## Work task
The required output is the exact run of lines in the listing below from the line holding "Strange Ball In Pokemon" through the line holding "Item Card Illustrations", with no pictures.

## Data section
"""
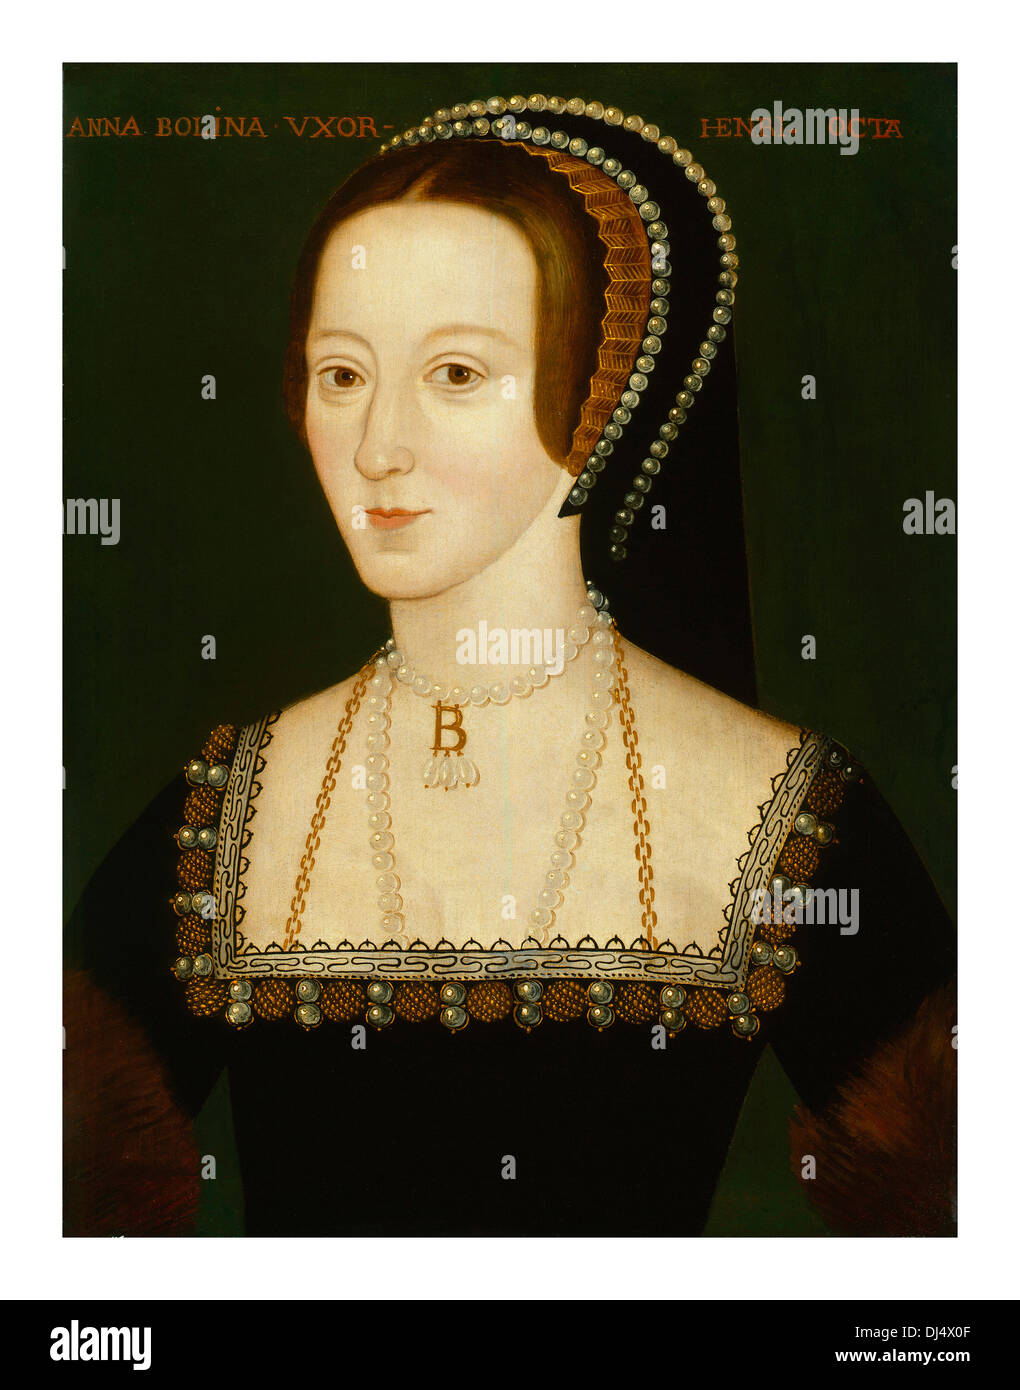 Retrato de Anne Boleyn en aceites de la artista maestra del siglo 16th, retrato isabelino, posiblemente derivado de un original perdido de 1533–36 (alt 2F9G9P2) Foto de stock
"""
"""
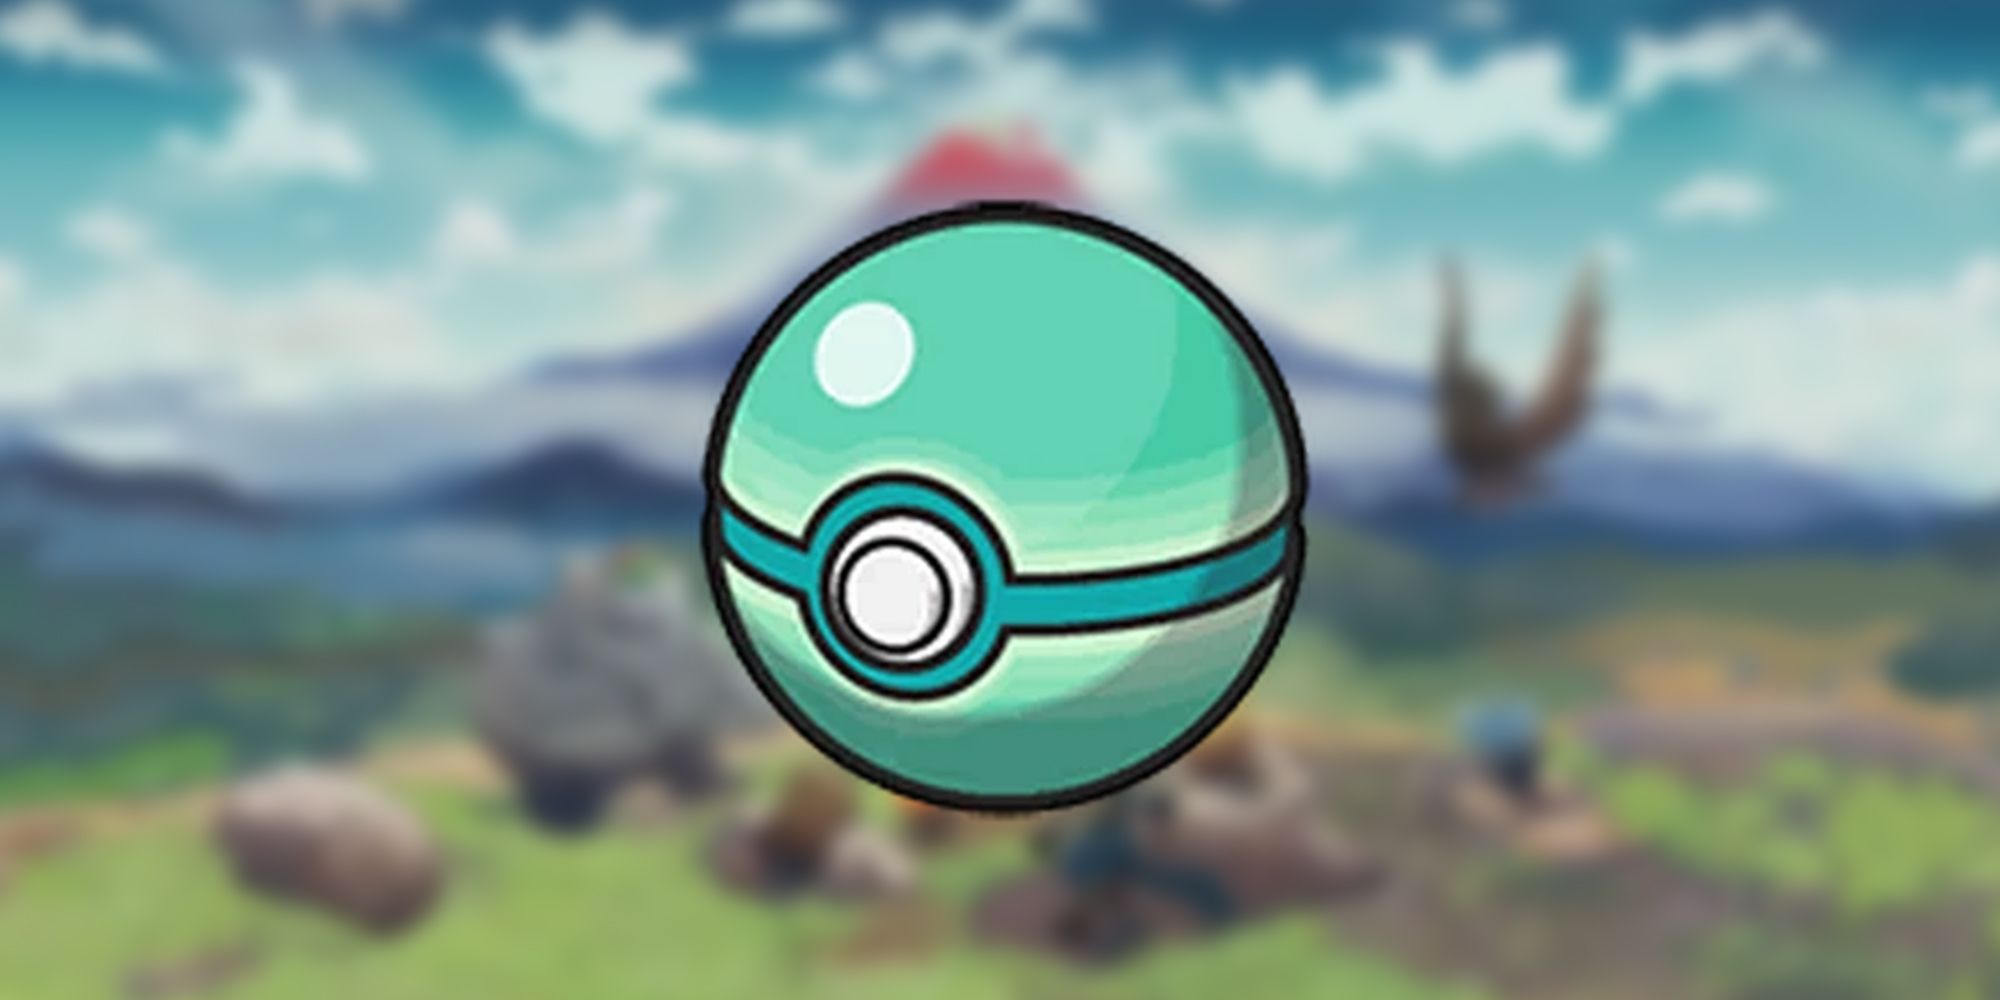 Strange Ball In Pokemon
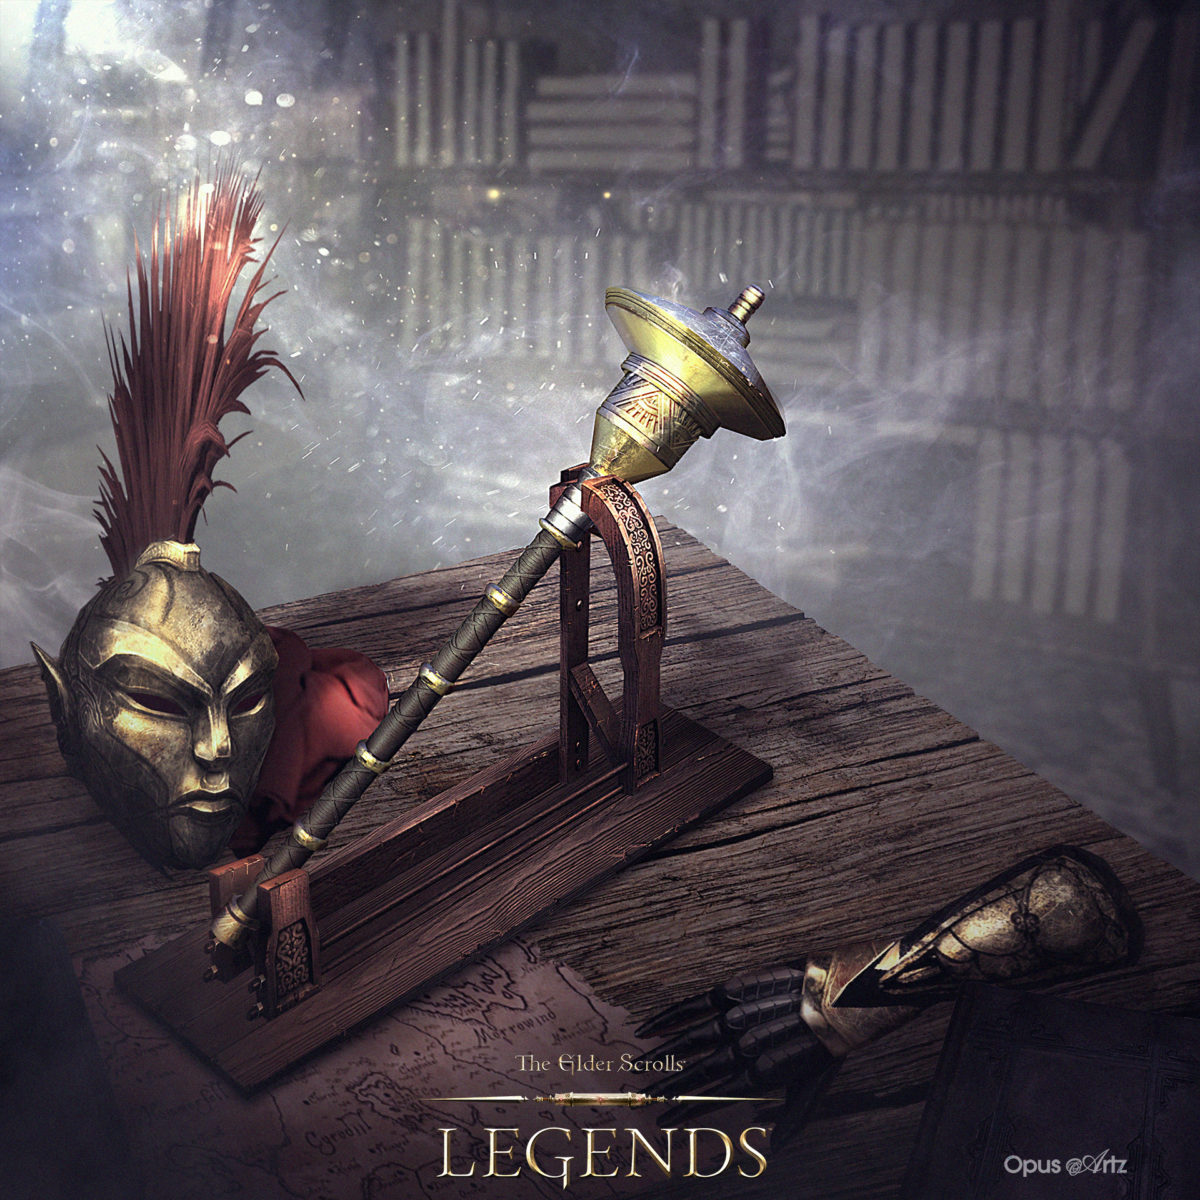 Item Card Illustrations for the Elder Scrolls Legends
"""
"""
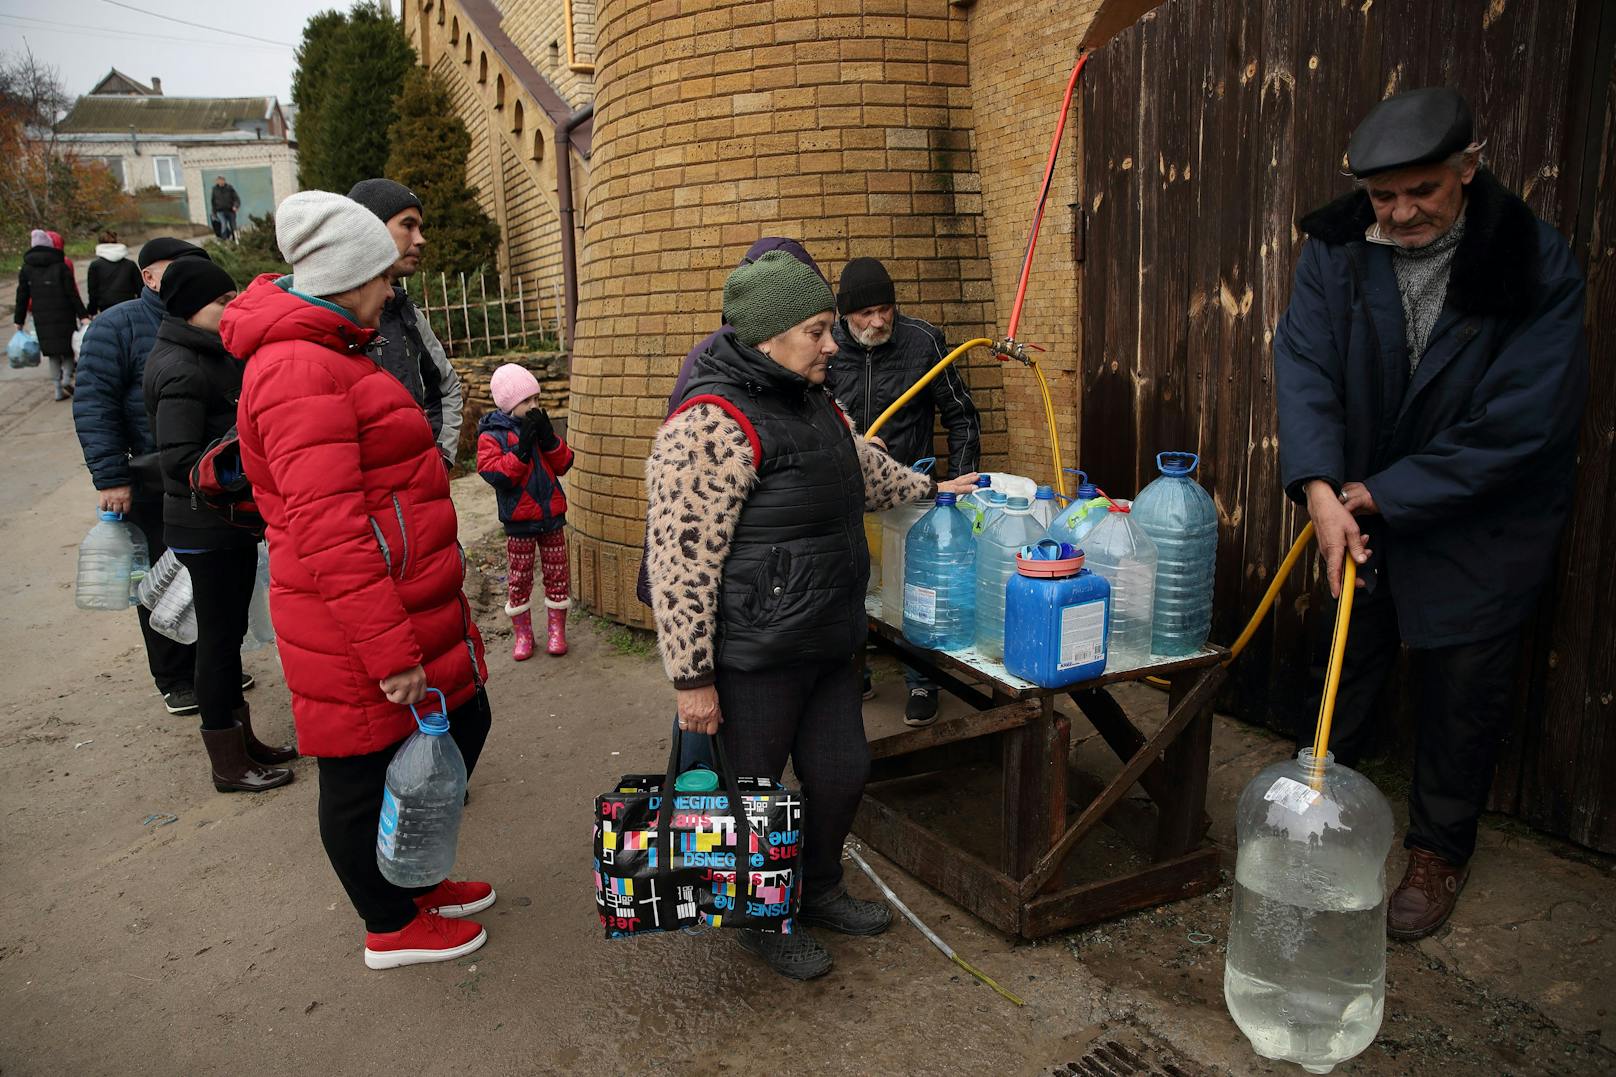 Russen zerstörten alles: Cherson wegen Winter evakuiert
"""
## Result for this task
 Strange Ball In Pokemon
 Item Card Illustrations for the Elder Scrolls Legends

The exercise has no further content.